You have no idea what "making better use" of it means. The most insulting thing anyone can say to me is "you are a beautiful, intelligent, talented girl who has everything, so you have no reason to be unhappy". That is incredibly dismissive of what I am going through. Depression is an illness, but not something you can magically take a pill and get rid of, or wait 2 weeks like the flu.

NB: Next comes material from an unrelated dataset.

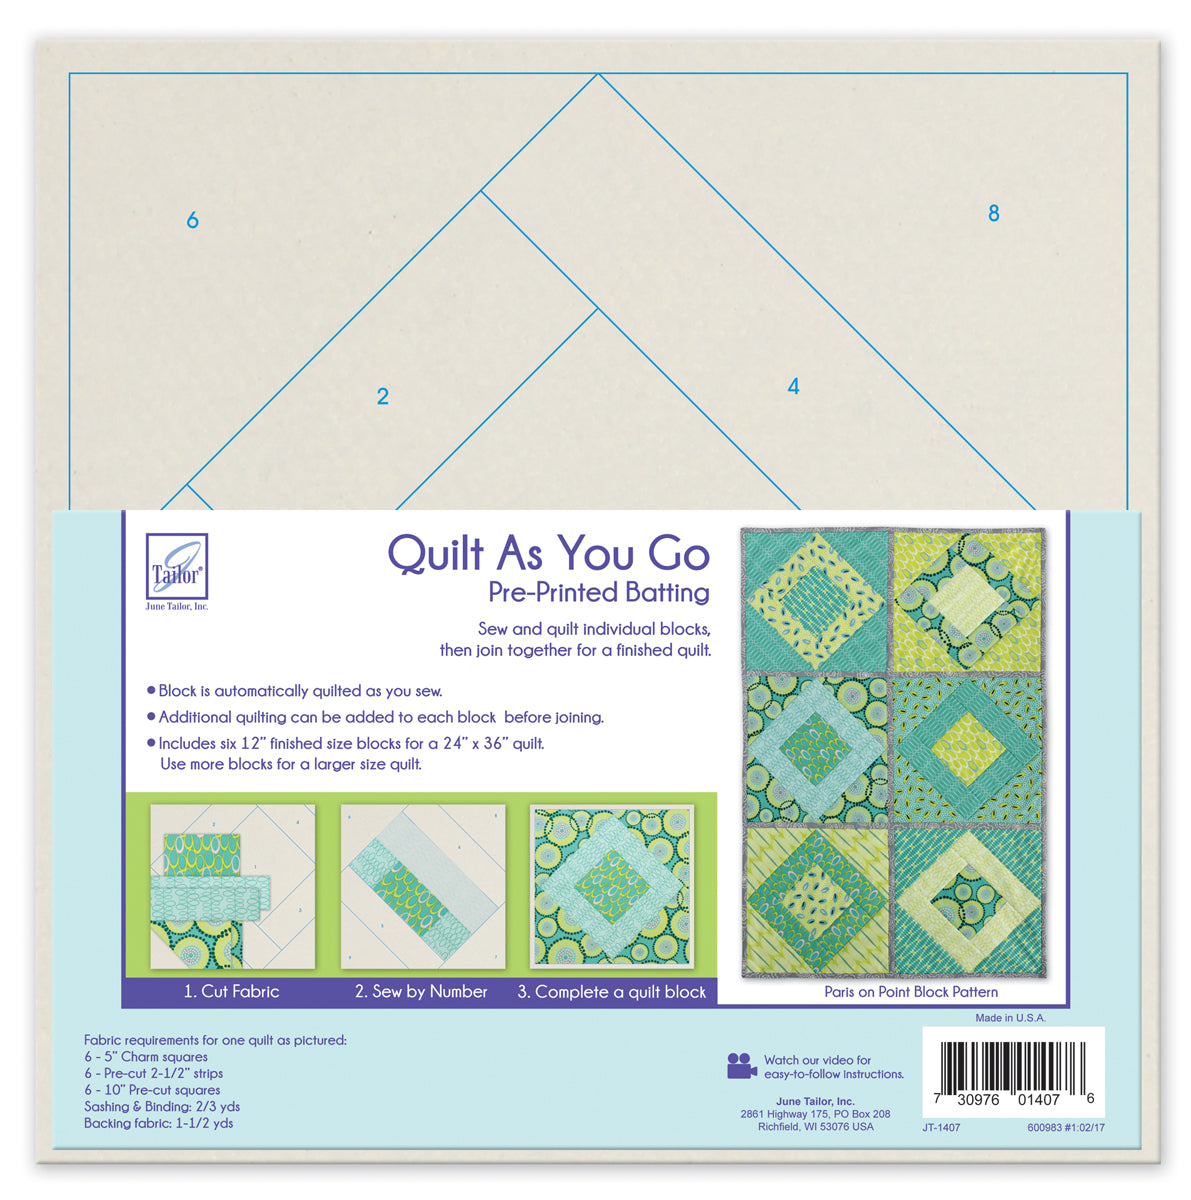 Quilt-as-you-go (The Chilton needlework series)

Try to walk a mile in the shoes of a person whose chest feels like you're being ripped inside out every night. When all you want to do is feel normal, and desperately try anything to cheer yourself up. When all you crave is the sound of another person's voice just so you don't feel like you're alone in the universe. I am thankful for so many things in my life, things I don't even deserve. But I would give anything, do anything, just to be able to enjoy them and be happy. Instead I have so much guilt because I cannot magically make myself better. Because I can't be the perfect person everyone sees in me. And every day I put a smile on my face because I cannot bear to burden people with what I am going through. And every day I fight. I go get help. I recognize my own problems. Can you even fathom how humiliating I feel going to an anon group? Even though I know I'm going to get help, the fact that I have to admit to myself that I am an addict is one of the most difficult things I have ever done in my life.
And all I ask is for someone to at least respond to a friendly hello from me. Sometimes I get so sick of being strong and being told "get used to being alone" I wanna just throw up.